From the beginning these new men gathered around Senator Kern, who was not only the oldest man among them, but the best known nationally. Day by day groups gathered in his offices, and without in any sense claiming it he found himself in the position of counselor of the militant progressives—the exponents of the new deal. His forty years of active participation in the hard-fought political battles of the doubtful state of Indiana gave assurance of a safe leadership; and his very name was a symbol of the policy these new men proclaimed.
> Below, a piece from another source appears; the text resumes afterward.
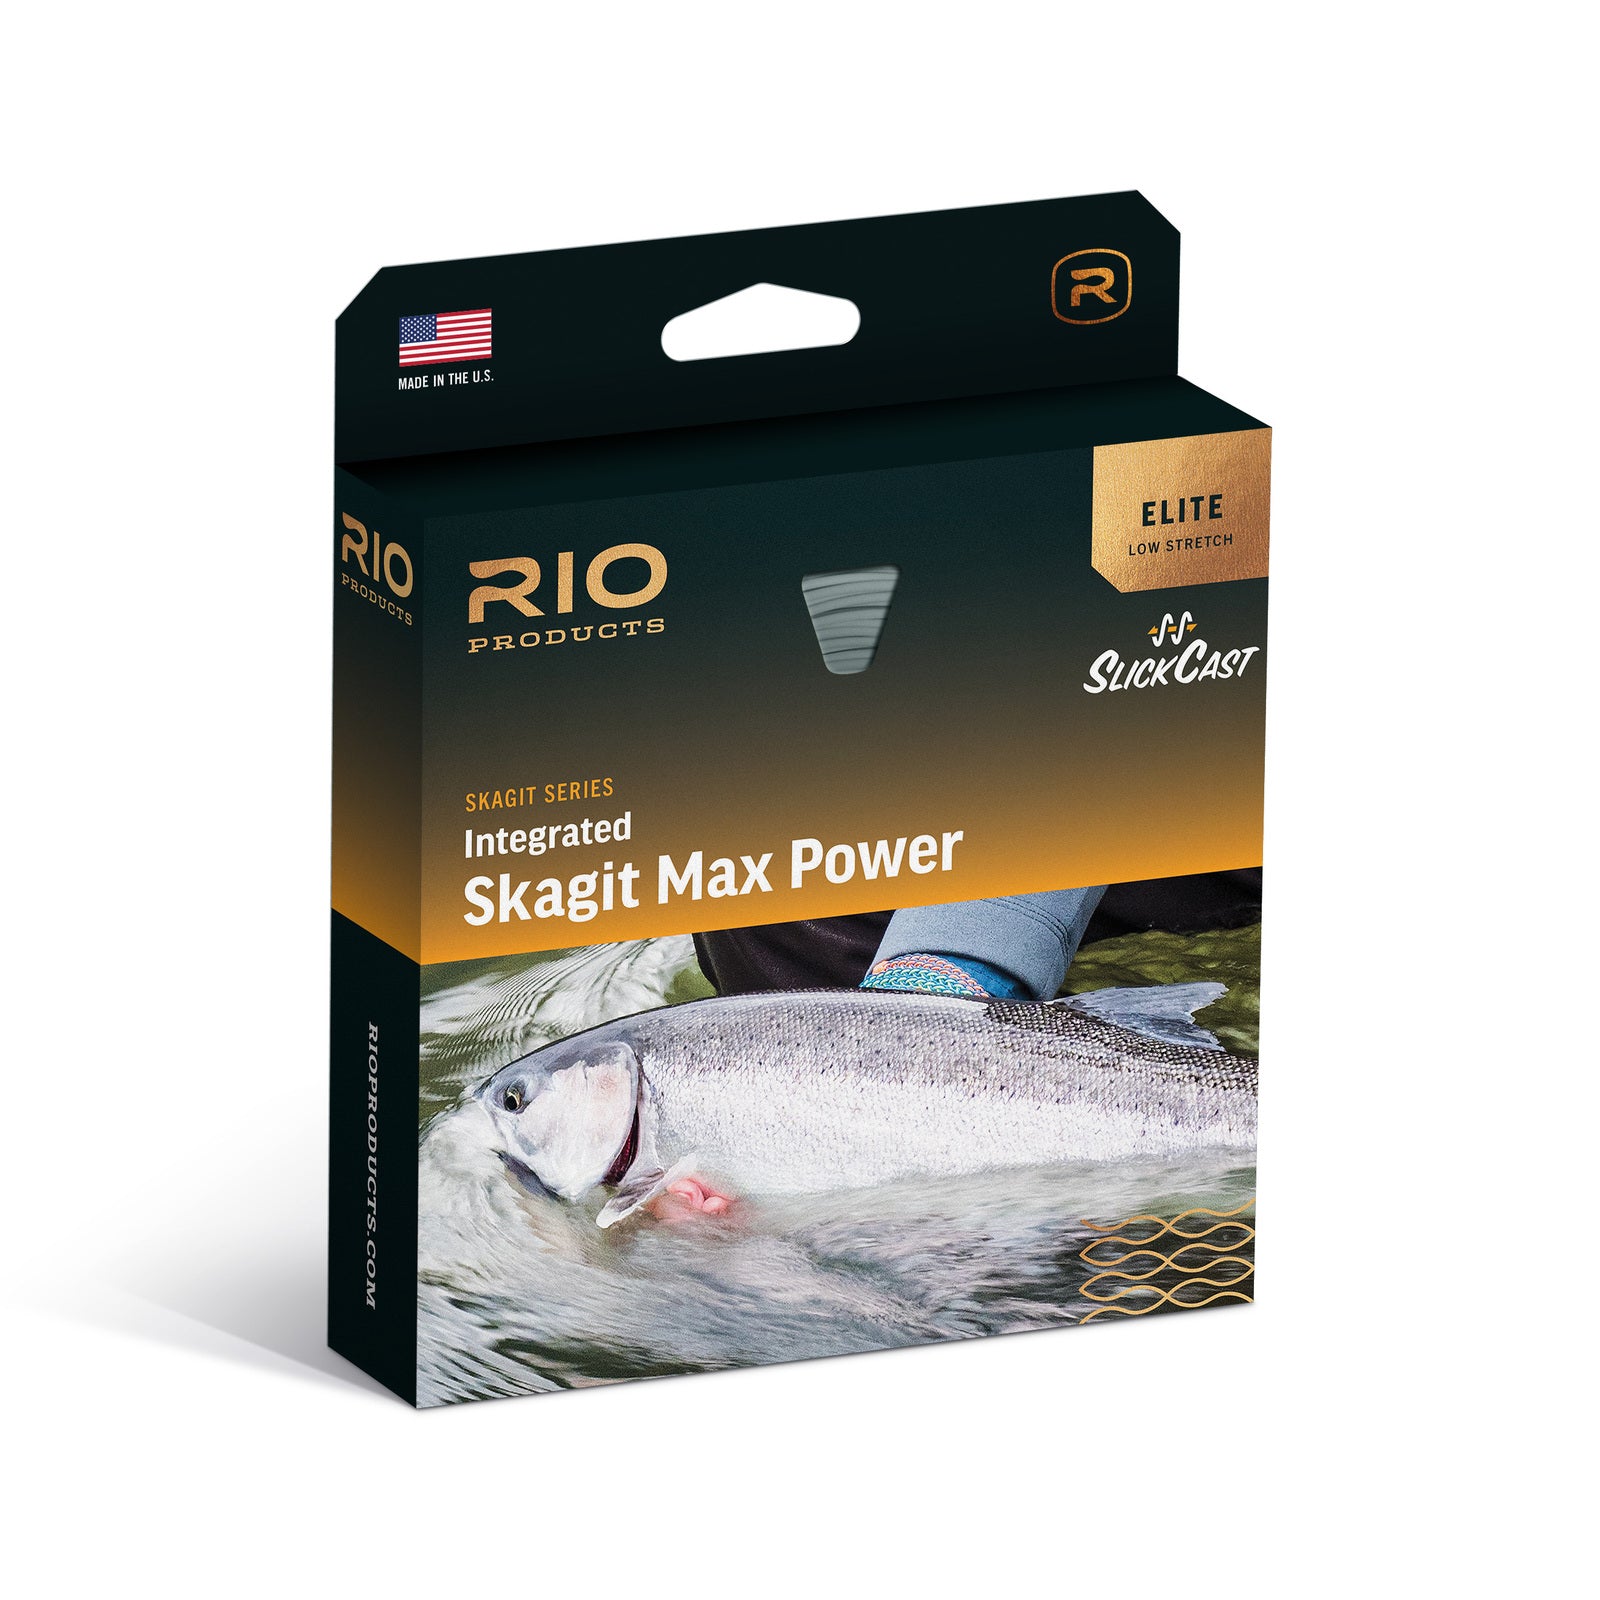 Rio InTouch Skagit Trout Spey - Bend Fly Shop

The fight came in the election of the caucus leader, whose power to name the committee on committees made him in a large sense the determining factor in deciding the general tone of the Democratic side of the senate. Senator Martin of Virginia, who had been the leader and expected to retain the leadership, was generally looked upon as an ultra conservative, and at that very hour a fight was being made against him along progressive lines in the Old Dominion. A man of pleasing personality and unfailing courtesy, the decision to contest his re-election was not predicated upon personal dislike, but upon the fact that he at the time symbolized the old regime, which the new men proposed to pull down. For this purpose Senator Kern presented to the caucus, in opposition, the name of Senator Shively. The vote was a revelation to the “gray beards.” Notwithstanding the vigorous fight made in behalf of the Virginia senator, the peculiar sense of senatorial courtesy, the personal pleas that his defeat would be used unfairly against him in his fight in the primaries of the state, the accessions to the new senators from the old were so numerous that Martin’s majority was not at all gratifying.